Что бы ни означало имя Богодул, может быть, оно пошло от Богохула, как об этом говорится в повести, но слово «бог» в нем не случайно. Как не случайно и нерусское происхождение старика («приблудший из чужих краев», старик выдавал себя за поляка, хотя и любил русский мат), так же как и то, что родословная его неизвестна, и он не уроженец Матеры. Когда Богодул пришел к Дарье и она «со сдержанной радостью» приветствует его, спрашивая: «Пришел?», он отвечает: «Как бог», и следом звучит мат. Но Дарья, не дающая спуску своим подругам, лишь крестится на образа. Богодул, ночующий в холодное время по очереди у старух, в летнее живущий в колчаковском бараке, не имеющий своего дома на Матере и этим выделяющийся среди остальных жителей деревни, напоминает мифологического Пана – божество стад, лесов и полей. «Пан как божество стихийных сил природы наводит на людей беспричинный, так называемый панический страх, особенно во время летнего полдня, когда замирают леса и поля. Пан – помощник в битвах, он наводит страх и на врагов» (Мифы народов мира 1982: 279). Богодул также нагоняет страх, уже одним своим видом, тем более что «жил слух», будто его в свое время сослали в Сибирь за убийство. Богодул не по душе внуку Дарьи Андрею, недоумевающему, почему она принимает его, «зверюгу такую» («Это же не человек, это зверь»). Внука «страх берет», по его словам, от этой «образины». Нагоняет Богодул страх и на бригаду по очистке кладбища, и на «орду», «захватившую» Матеру и запугавшую старух.

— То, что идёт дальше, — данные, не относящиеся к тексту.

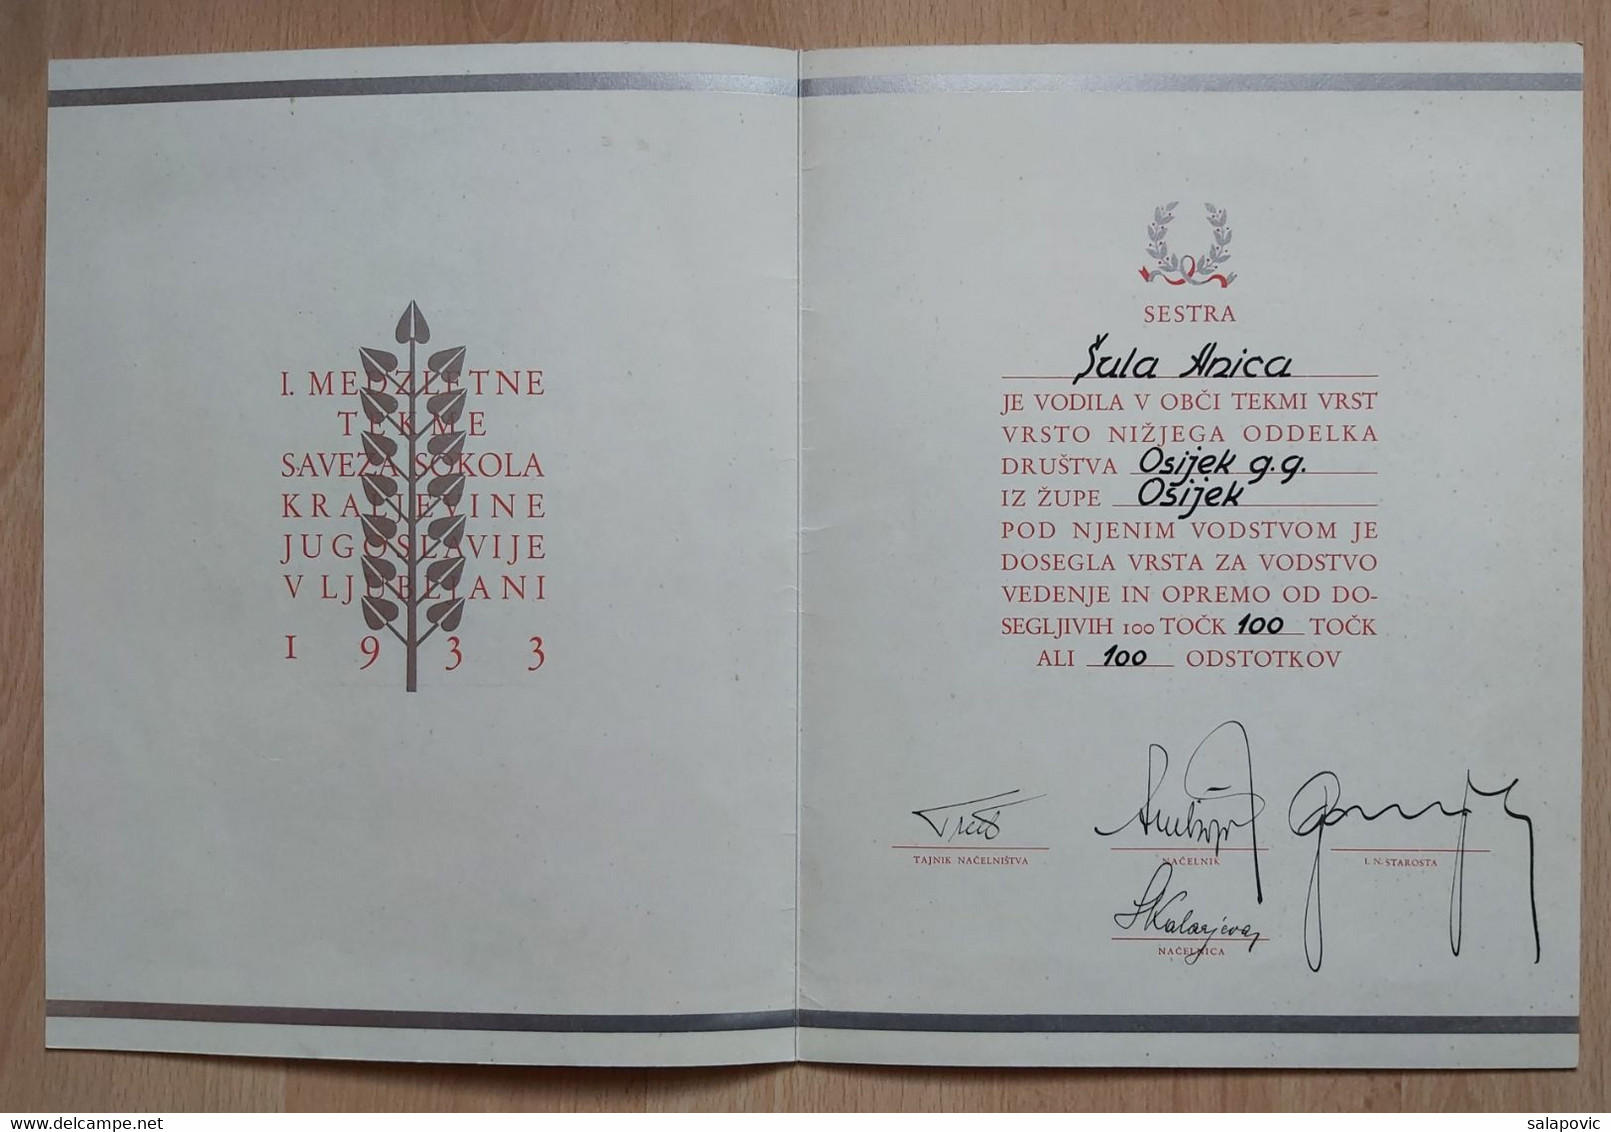 Sokol, Kingdom Of Yugislavia Ljubljana, Slovenia1933  Certificate - Gymnastique

«Только Богодул, не боявшийся ни черта и ни дьявола, как нарочно, лез к конторе и смотрел на приезжих пристально и недовольно, а они, чувствовалось, хоть и задирали его и потешались над ним, но и побаивались: не человек – леший, мало ли что такому в голову взбредет. Босой, лохматый и красноглазый, с огромными, как у обезьяны, руками и цепким пугающим взглядом, он поневоле внушал к себе почтение…» (Распутин 1994: 290). «Пожогщики», называющие его бурлаком и «квартирующие» в его бараке, сравнивают не поддающийся их огню царский листвень с Богодулом: «На нашего хозяина похожий… Такой же ненормальный» (Распутин 1994: 320). За необычный устрашающий облик пришлые называют его «снежным человеком». У Богодула нет в руках свирели или двойной флейты, главного атрибута Пана, но есть батожок, который в изображениях Пана можно встретить в виде заячьего посоха. «В античной философии пан представлялся как божество, все объединяющее… В предании, изложенном Плутархом, о смерти великого Пана он показан как символ уходящего античного мира» (Мифы народов мира 1982: 279). В повести Богодул должен погибнуть вместе с Матерой, с ним уйдет под воду и натурально-природный уклад крестьянской жизни с его мифологией и поэзией, нравственными ценностями. Кроме того, Богодул-Пан понадобился автору для того, чтобы показать, что в современных условиях даже божество стихийных сил природы, нагоняющее панический страх на людей, оказывается бессильным против творений рук человеческих, против «преобразования» природы.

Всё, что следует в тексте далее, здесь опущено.